To evaluate the health of processed food products, then, what should be compared? Only the many kinds of processed foods themselves. In doing this, the ASN article creates a false equivalence by asserting that all processed food products — from bread, cheese, and frozen peas, to Pop Tarts and frozen corn dogs dipped in aerosol spray cheese — are all qualitatively the same.

They can only do this by focusing on the number of vitamins and minerals added to the product. They do not mention the synthetic ingredients, additive sugars, or sodium. In other words, if a collection of dyes, sugars, and preservatives (returning to the example of common breakfast cereals) has a multivitamin in it, it is on the same nutritional level as fresh frozen vegetables or cheese.

This cartoon absurdity of normalizing bizarre food inventions is dangerous because it avoids obvious issues. No matter how margarine made with hydrogenated oil is fortified, it's still bad for your heart. The nutrient content of some prepackaged foods doesn’t make their sky-high levels of sodium and sugar suddenly good for you. Finally, eating the food preservatives they laud in this paper (including hydrogenated oil, nitrate/nitrite, salt, BHT, sodium benzoate) does not reverse the link they all have to some form of chronic disease.

And this is exactly what makes this position paper so antithetical to public health. Americans eat an estimated 150 pounds of sugar per person per year, and about 70 percent of that comes from processed food products.

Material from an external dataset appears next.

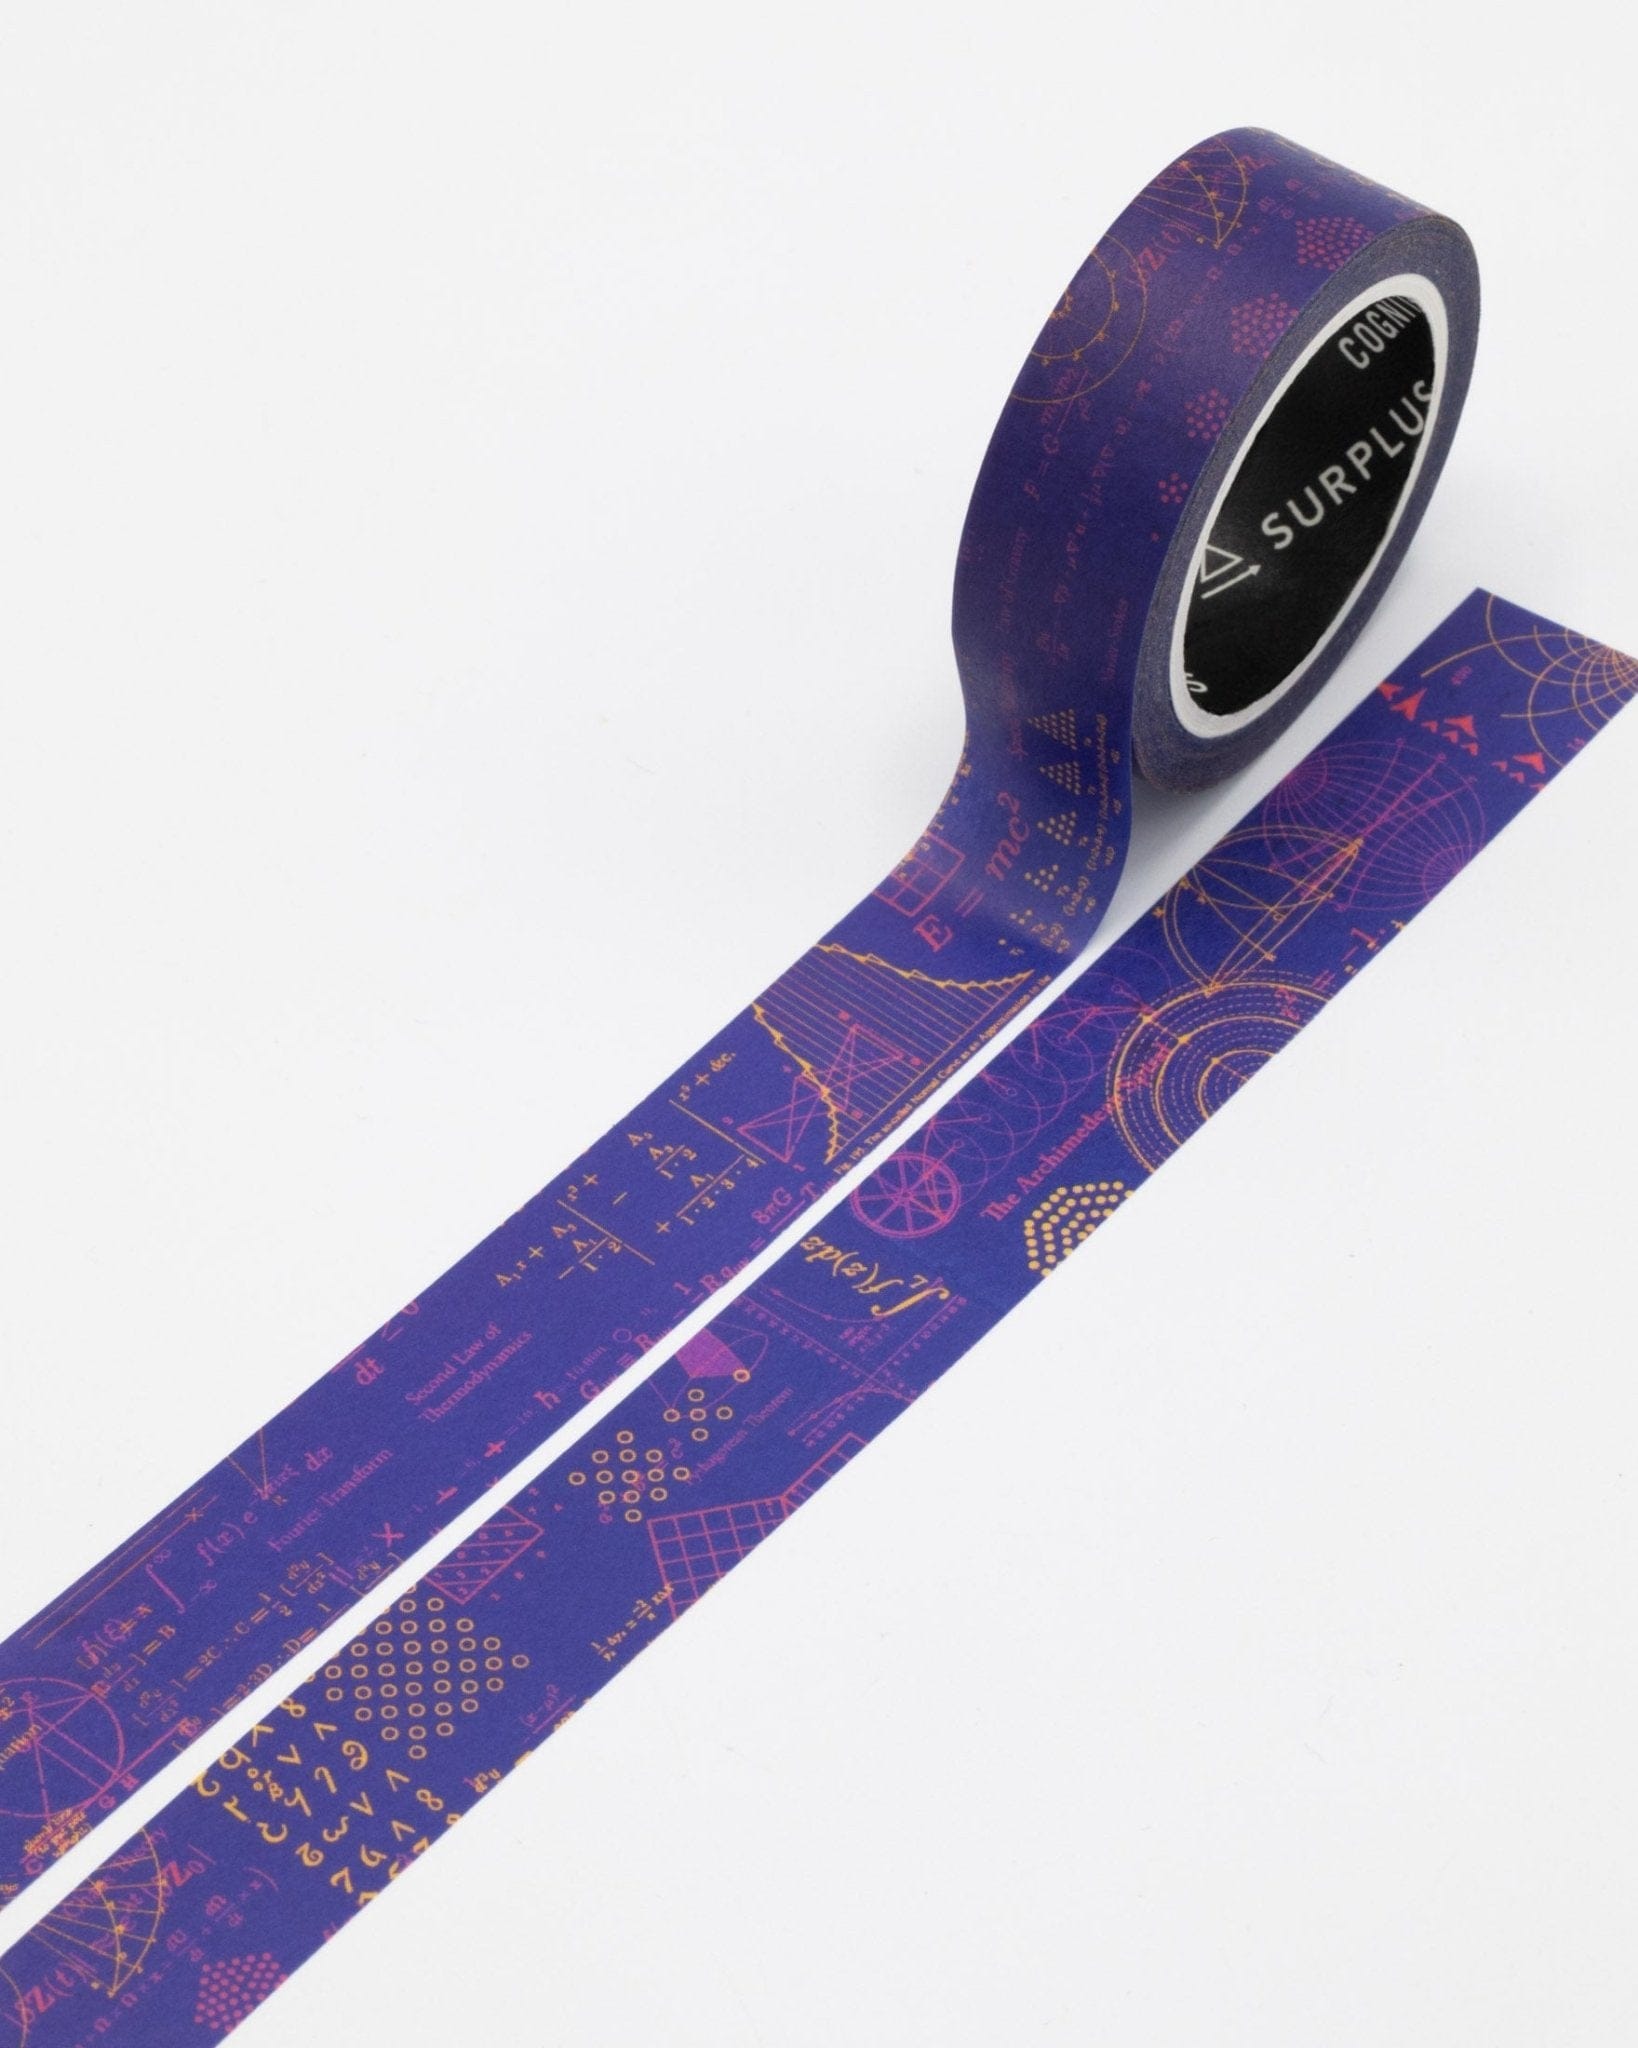 Equations That Changed the World Washi Tape Cognitive Surplus
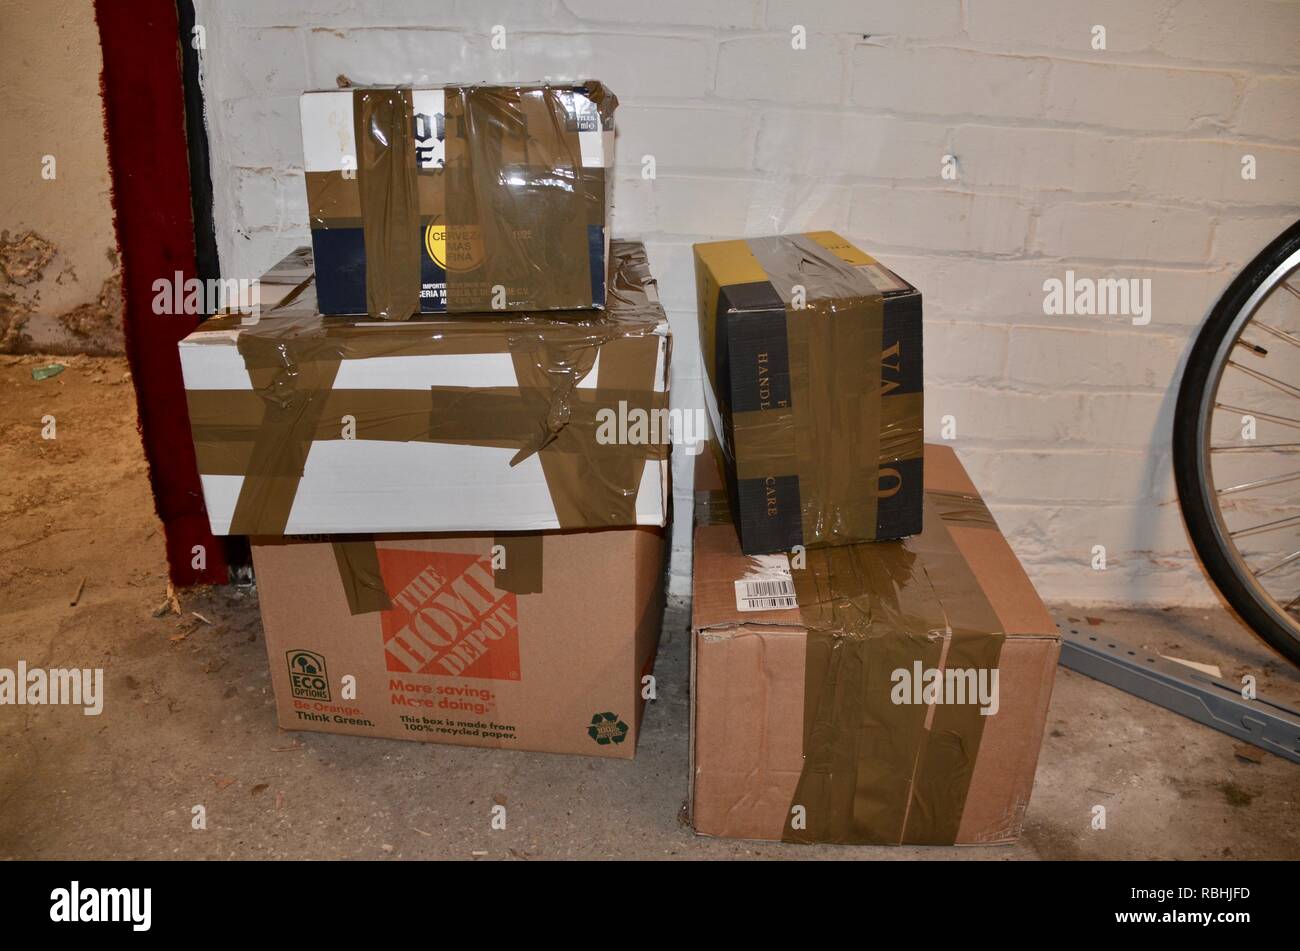 no deal brexit emergency supply boxes in london cellar january 2019 Stock Photo

The CDC estimates that a mere 10 foods account for more than 40% of our sodium consumption. Defending the source of most sugar and sodium consumption, when a staggering two-thirds of our population ranges from overweight to morbidly obese, is anything but serving public health.

I do understand why agribusiness and the processed food product industry sugarcoat everything they say to the public about themselves and their products. But we all should expect that by now. What’s disheartening is being let down by an institution we trusted to give us straight advice. The American Society for Nutrition endorsed the views of processed food industry spokespeople, and allowed them to speak through the invisibility cloak of scientists writing for their organization.

The bottom line is that the position of this position paper is no better than the sugar-filled, neon-colored, processed food product breakfast cereals they defend. And, like these products, the ASN is in serious need of some fortification via one key ingredient our consumer public deserves: integrity.